*ACTIVITY*. All the lines below need to be transcribed exactly. Pictures get left out.

*SOURCE MATERIAL*.
=== Begin Enclosure ===

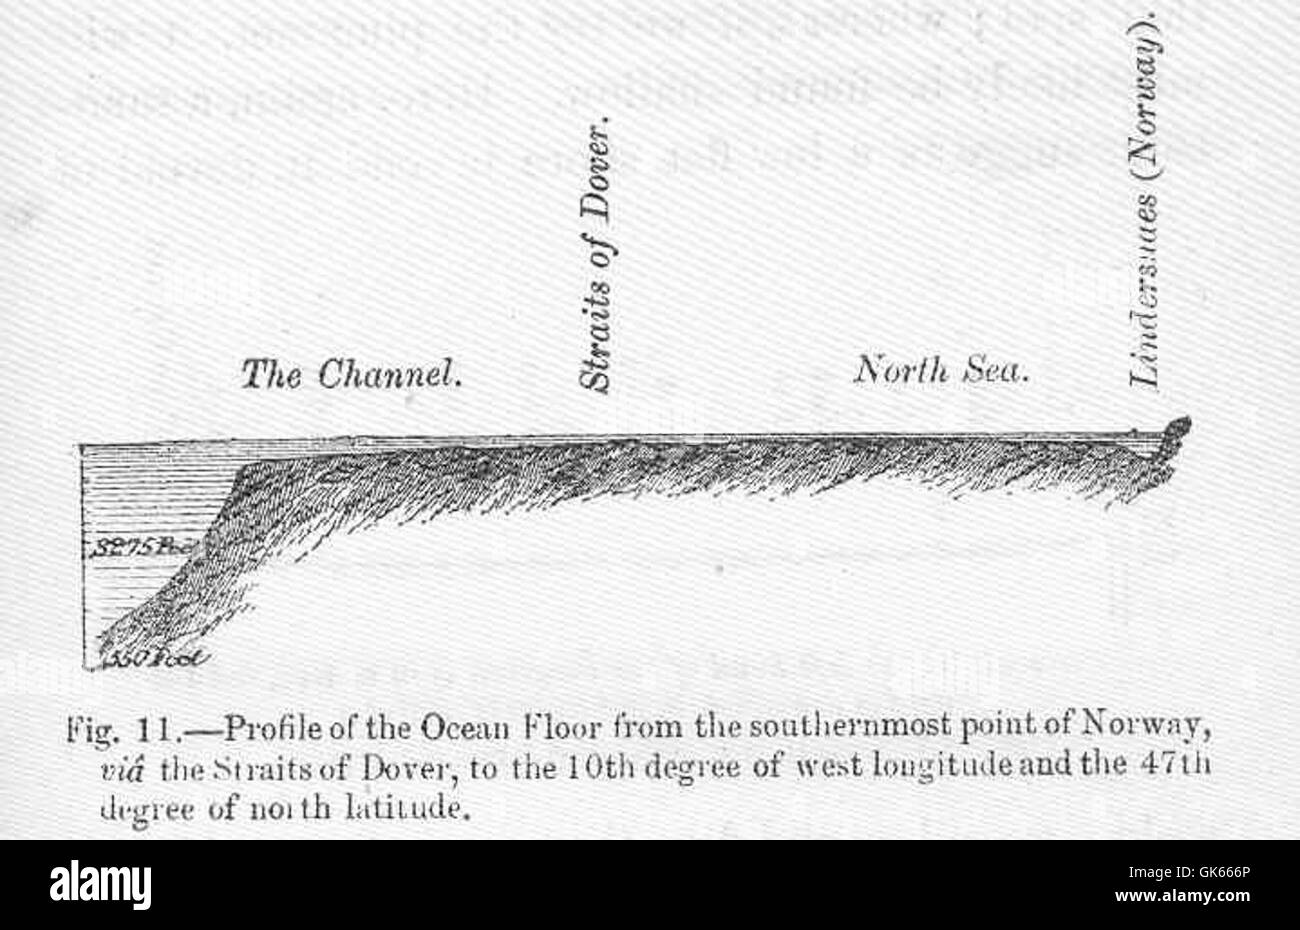 49949 Profil de l'océan de l'extrême sud de la Norvège, via le détroit de Douvres, à la 10e degré de longitude ouest Banque D'Images
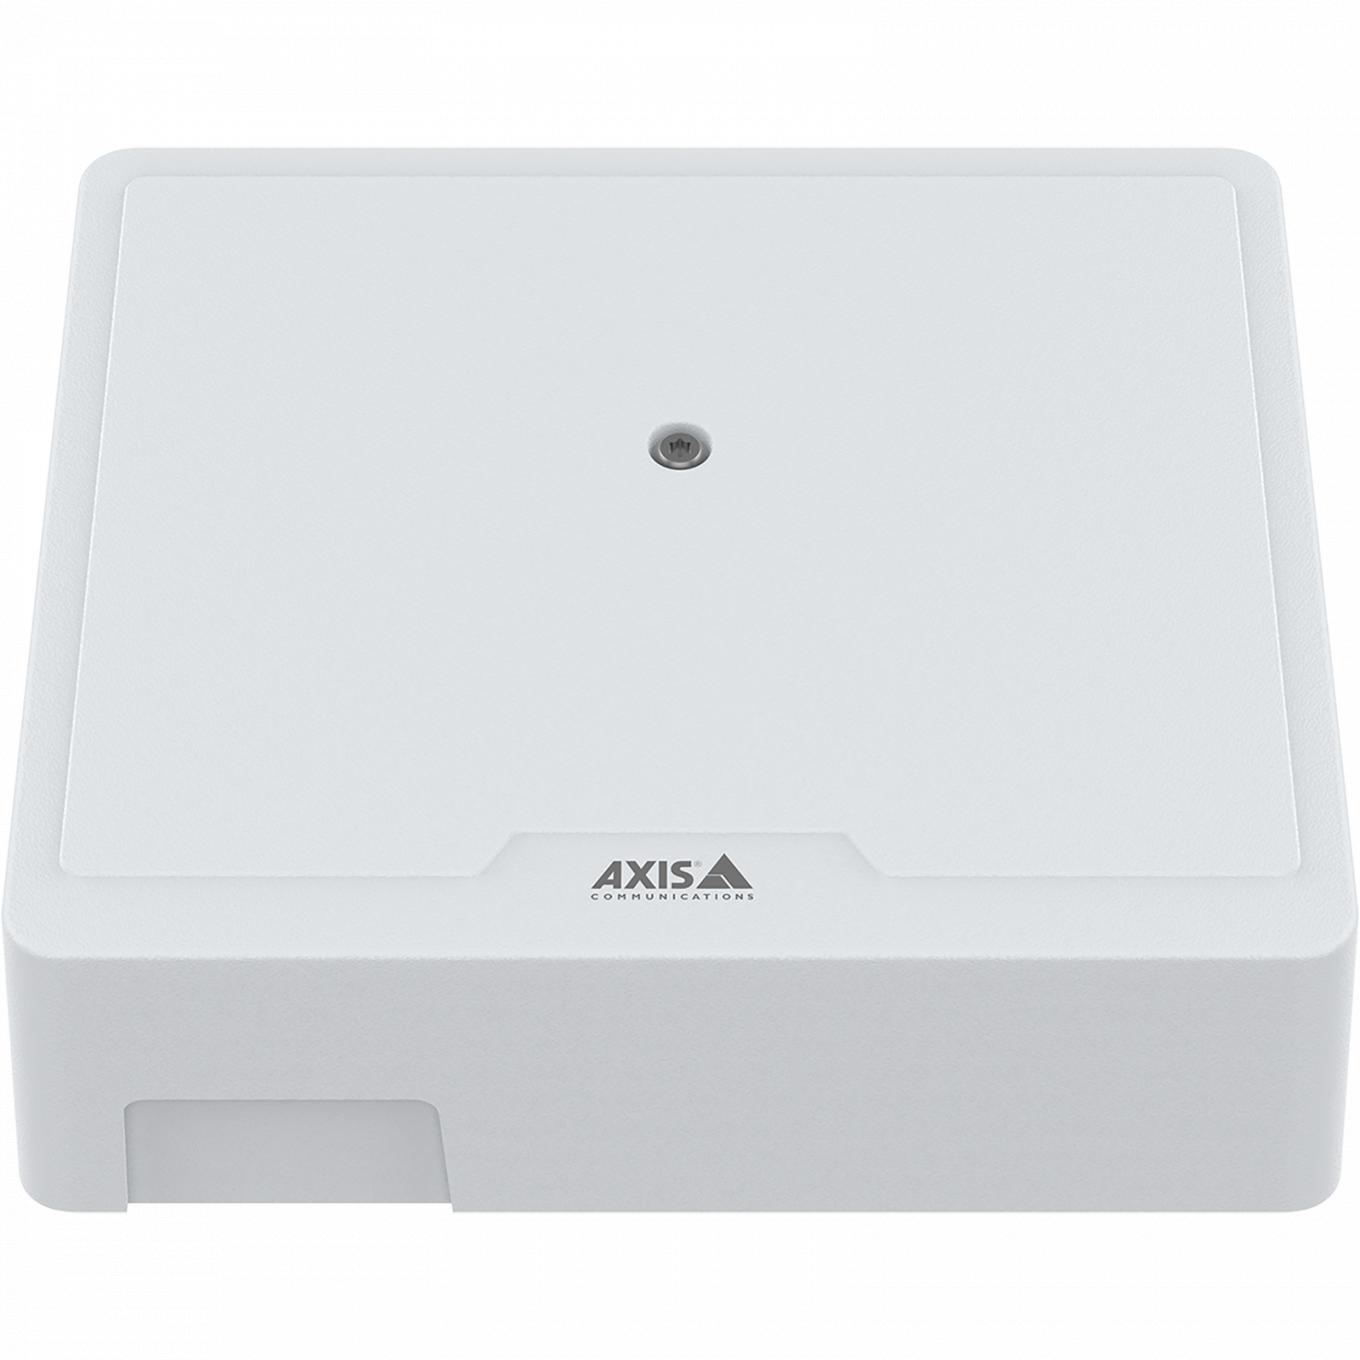 AXIS A1210 Network Door Controller, von vorne gesehen
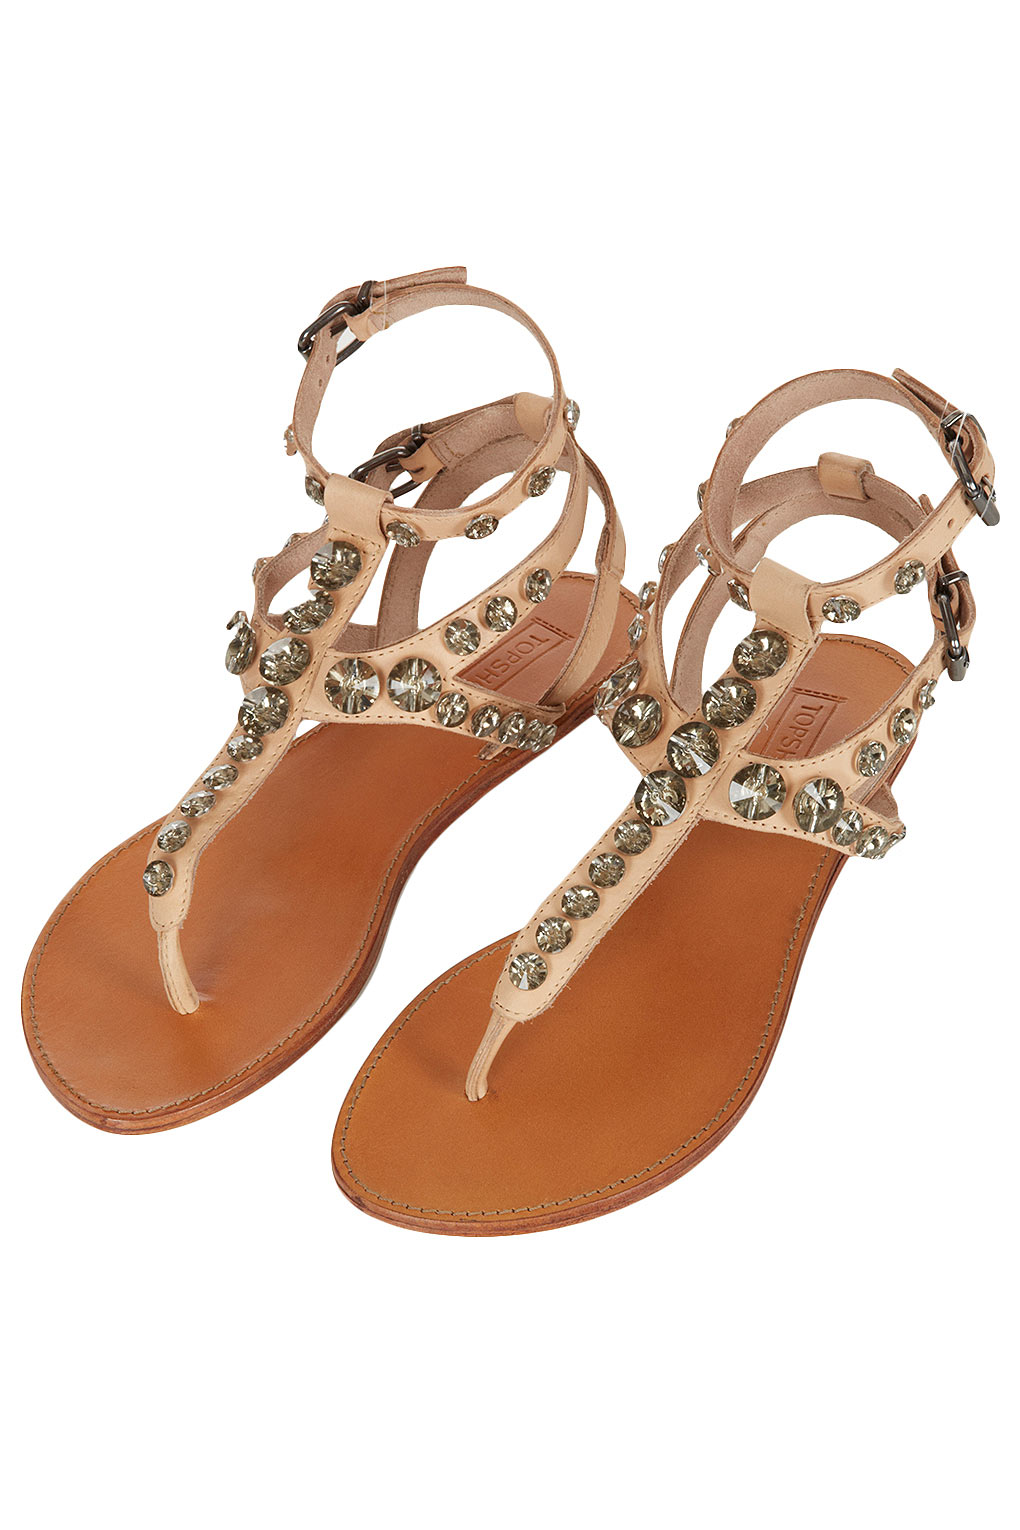 Lyst - Topshop Flaunt Embellished Sandals in Brown
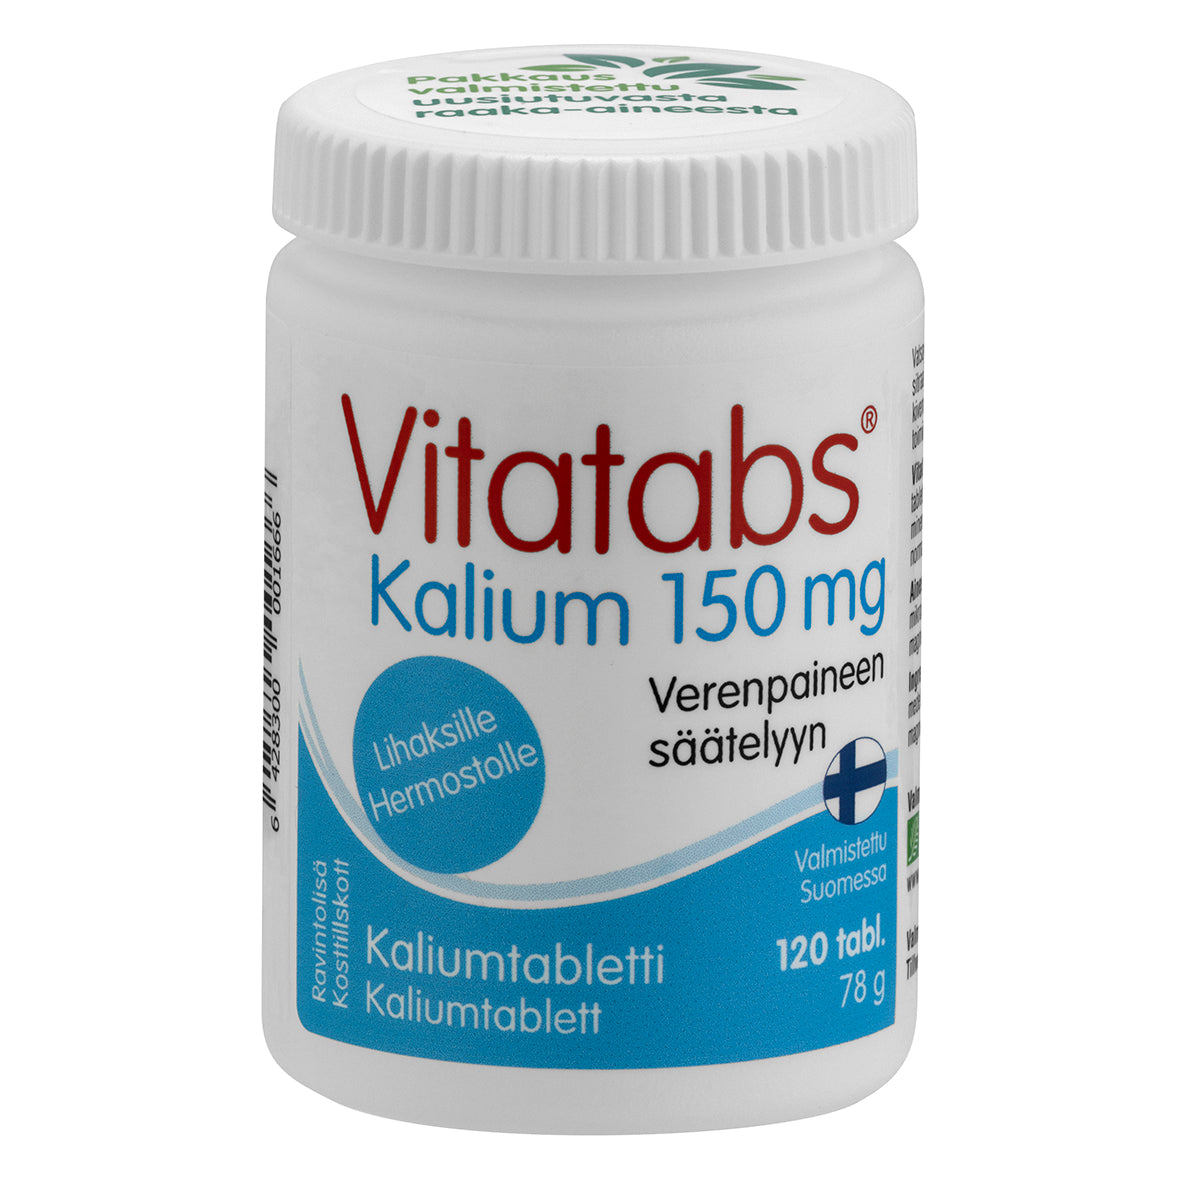 Vitatabs Kalium 150 mg 120 tabl.

=== End Enclosure ===

*THE ANSWER*.
 49949 Profil de l'océan de l'extrême sud de la Norvège, via le détroit de Douvres, à la 10e degré de longitude ouest Banque D'Images
 AXIS A1210 Network Door Controller, von vorne gesehen
 Lyst - Topshop Flaunt Embellished Sandals in Brown
 Vitatabs Kalium 150 mg 120 tabl.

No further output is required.